### Assigned task
Below is a listing; print exactly its lines from the one containing "Athen zur besten" down to the one containing "Verkeer met bestemming", both inclusive, with every picture left out.

### Available records
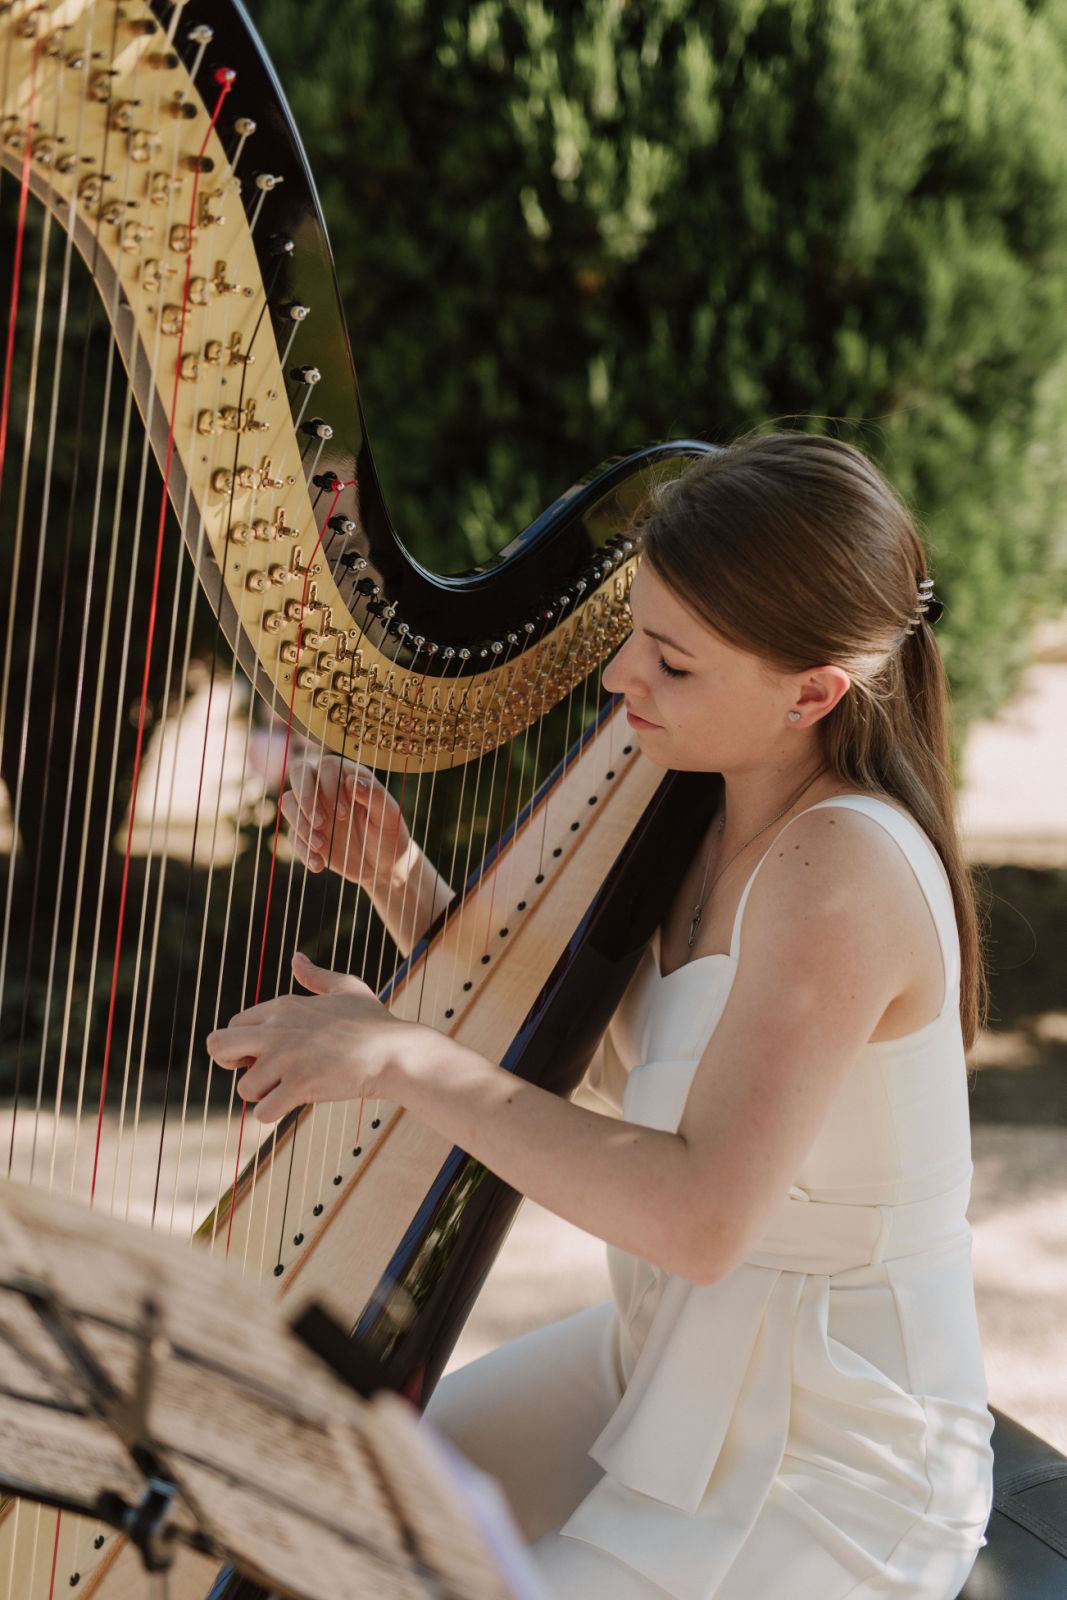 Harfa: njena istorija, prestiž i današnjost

* * *

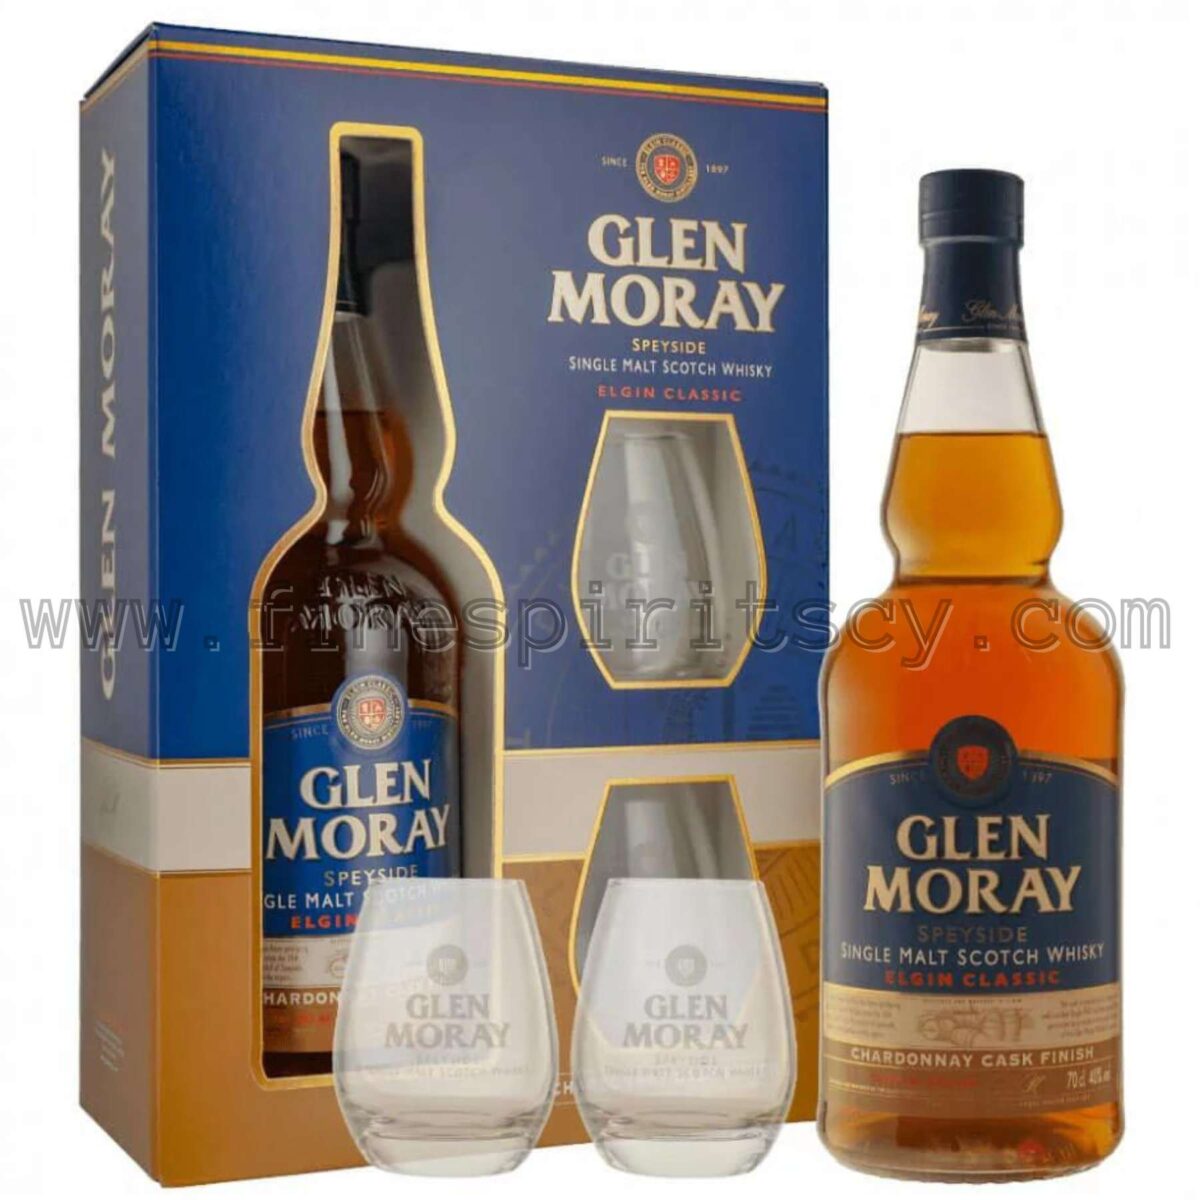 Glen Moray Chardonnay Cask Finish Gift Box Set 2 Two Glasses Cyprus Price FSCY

* * *

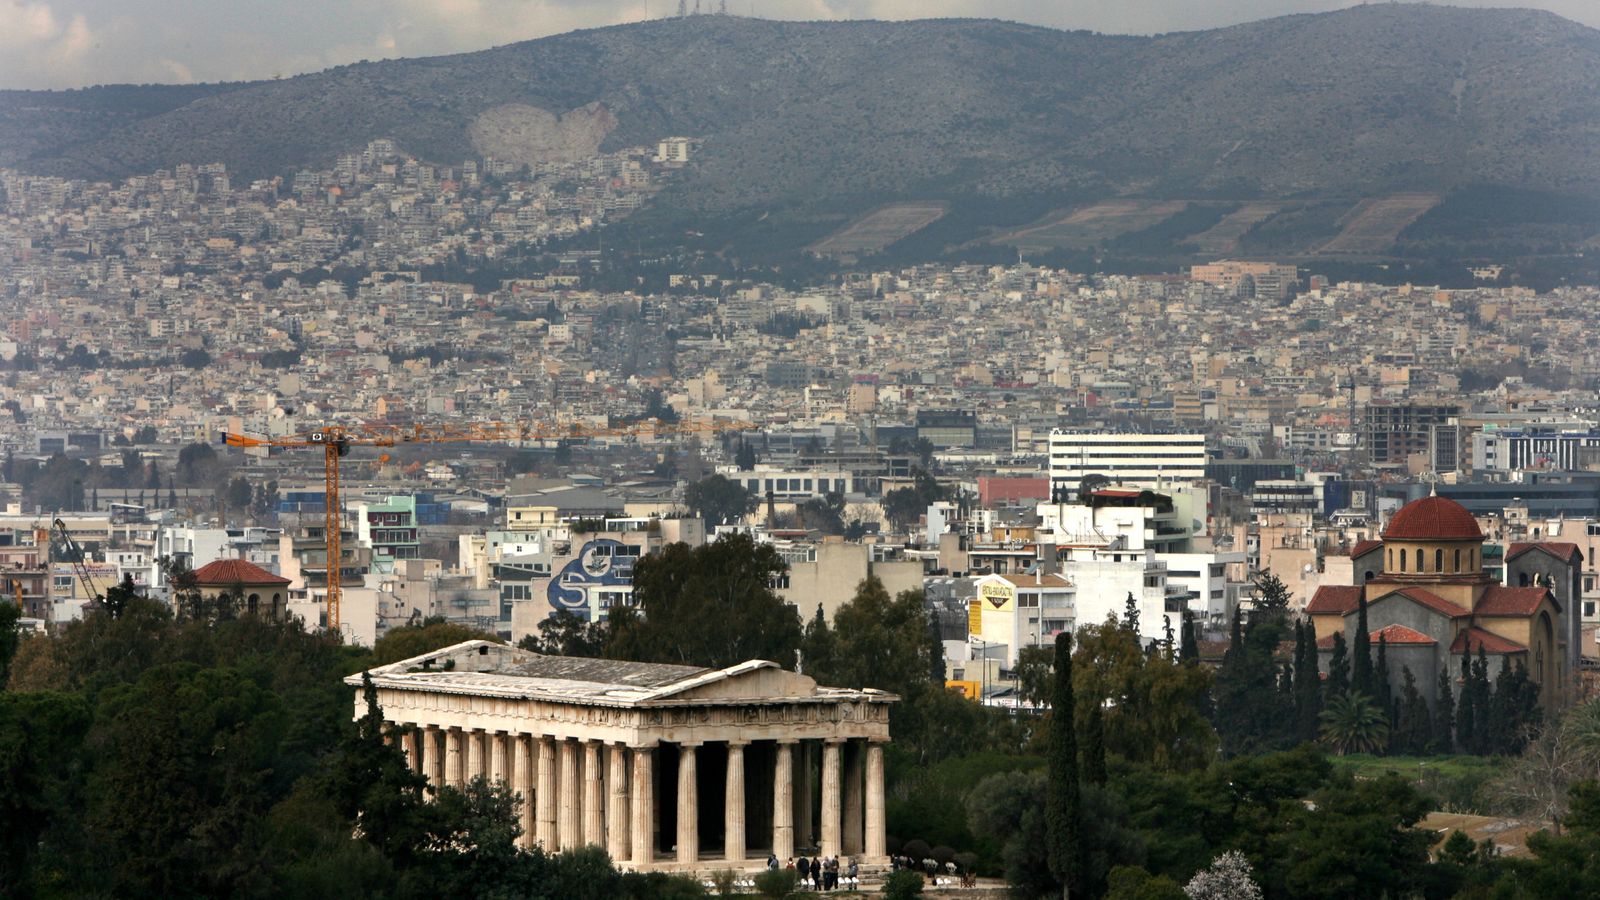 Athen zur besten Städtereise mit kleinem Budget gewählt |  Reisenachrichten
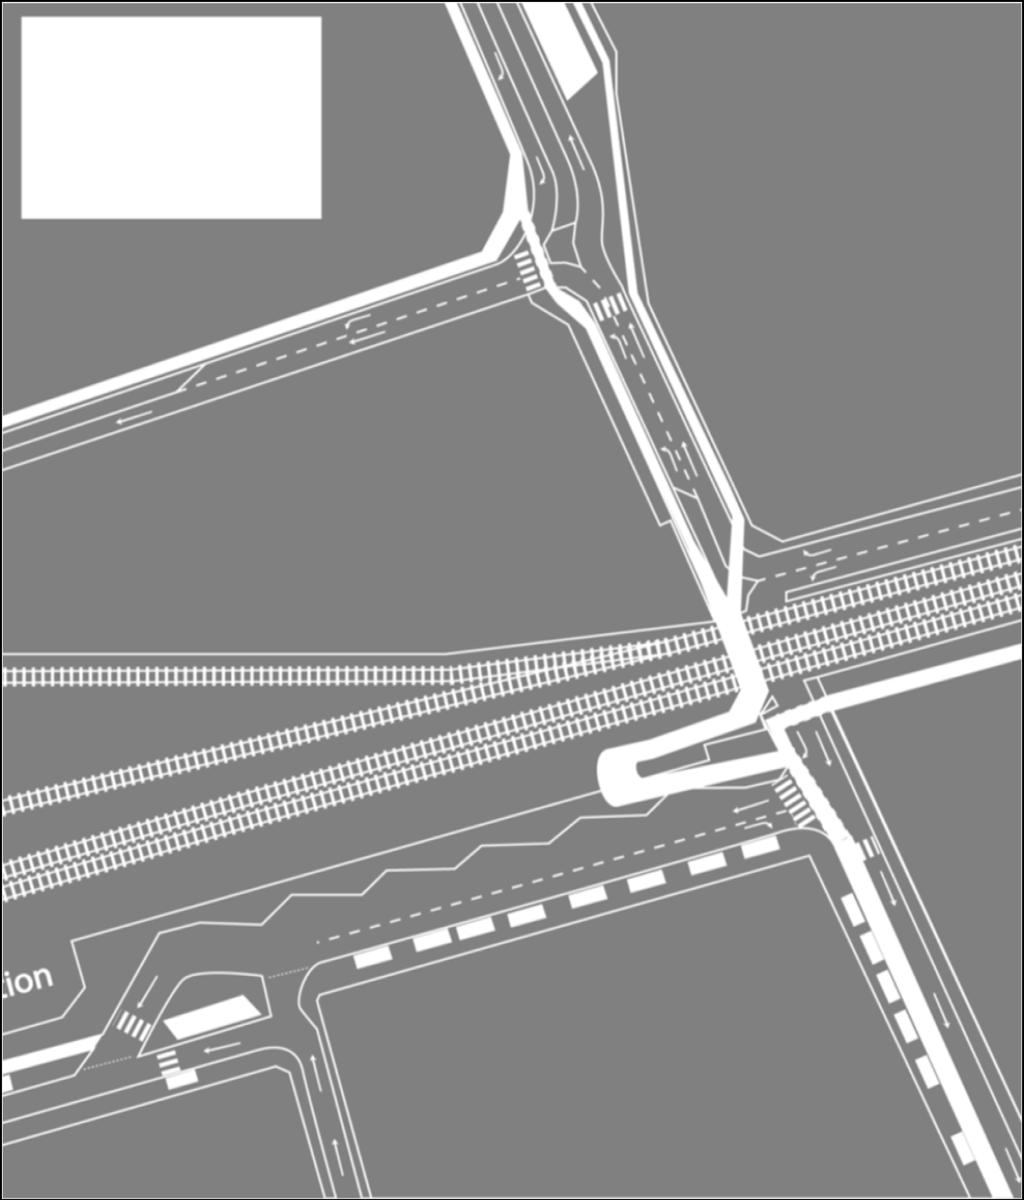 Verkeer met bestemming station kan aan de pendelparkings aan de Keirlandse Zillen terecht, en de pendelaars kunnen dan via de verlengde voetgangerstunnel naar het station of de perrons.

### Answer box
 Athen zur besten Städtereise mit kleinem Budget gewählt |  Reisenachrichten
 Verkeer met bestemming station kan aan de pendelparkings aan de Keirlandse Zillen terecht, en de pendelaars kunnen dan via de verlengde voetgangerstunnel naar het station of de perrons.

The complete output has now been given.